If we're not prepared to explain these nuances in the documentation, then we should preclude them from coming up.

  • Modifier trains are straightforward to compose, yet their general use falsely appears absurdly complicated due to the (optional) considerations invoked by omitting parentheses. The very presence of such a long list of parsing examples unavoidably calls inordinate attention to them, making it seem important/necessary for one to consider them, and thus needlessly deterring the would-be general-tacit programmer. (Speaking from my own personal experience.)
  • The AVTF rule has unintuitive behavior:
   @ + - % $ #
(@ + -)(% $ #)

If you want to code a hook of two forks ({{(u@v + -)(% $ #)}} in a direct definition, or just e.g (*@^. + -)(% $ #) if your verbs aren’t variable), you couldn't write it without parentheses. So why would we be able to omit them within a modifier train? Writing C V V V V V to denote a hook of two forks is bad practice anyway due to its obfuscation. Similarly for the NVVN in NVVNCAVV, which evaluates as if it were parenthesized. (That appears to be why VN and NVN are in the table, by the way: as the left tine of a modifier train, they're grouped as a unit without needing parentheses. Pretty weird.)

Benefits of removal of documentation

  1. The resulting single rule (group in 3’s from left) would be just as simple and elegant as that for normal verb trains, and moreover would be symmetric to it.
  2. If the MT grammar's elegance were no longer wrapped in a complex, ad-hoc bundle of grouping-rule examples, then for the most part, I think we'd feel much less of a need to hide it from non-advanced J'ers. And then those like myself who prefer writing most modifiers tacitly can learn to do so much earlier and much more easily.

Proposed solution

The real proposed solution is to dispense with documenting the AVTF behavior whatsoever, instead pointing the user to a simple parenthesization rule that results in the pure “group in 3’s from left” behavior.
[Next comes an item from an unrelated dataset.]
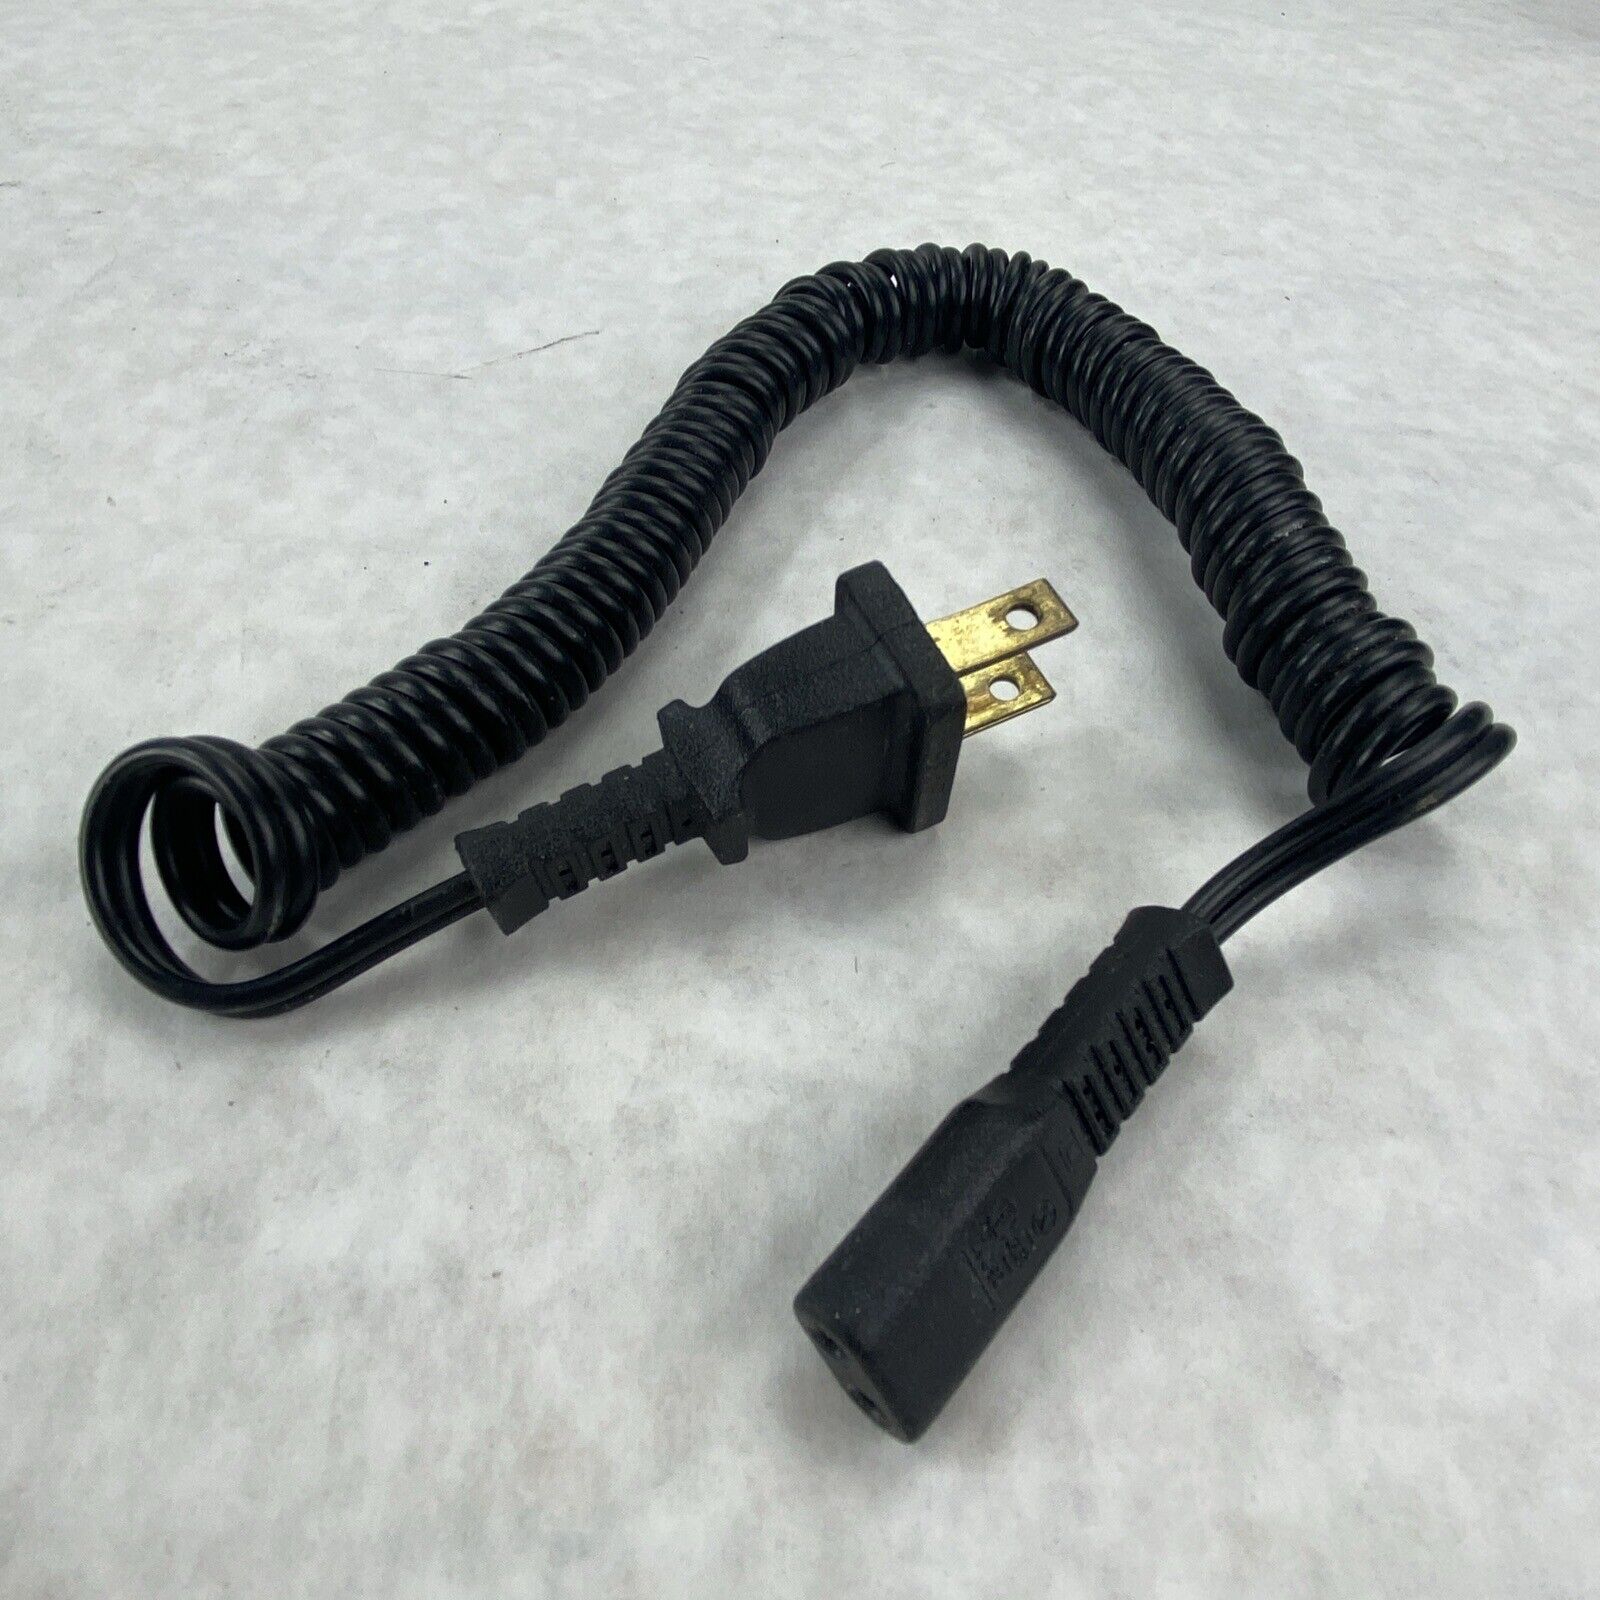 Replacement Charge Adapter Power Cord ONLY for Select Braun Shavers

In the parsing section of the Modifier Trains ancillary page, just say:

  1. Within modifier trains, sequences of more than two successive non-parenthesized verbs/nouns should not occur.
    1. If this rule is not followed, the modifier train will be grouped according to behavior that has been deprecated due to its inordinate complexity.
  2. Provided that the prior rule is adhered to, longer modifier trains group in 3's from the left.
NB. Grouping in 3's from left:
   & & / & + +      NB. even number of words
((& & /) & +)+
   & & / & & + +
((& & /) & &) + +   NB. odd number of words

So if you want:

  • (CCA)CA --> parens not needed: CCACA
  • (CVV)CA --> parens not needed: CVVCA
  • (CVV)VV --> parens needed; CVVVV has more than two successive V's
  • (NVN)C   --> parens needed; NVNC has more than two successive V/N's

And that's it. This would be the full extent of the parsing documentation; these would be the only examples needed.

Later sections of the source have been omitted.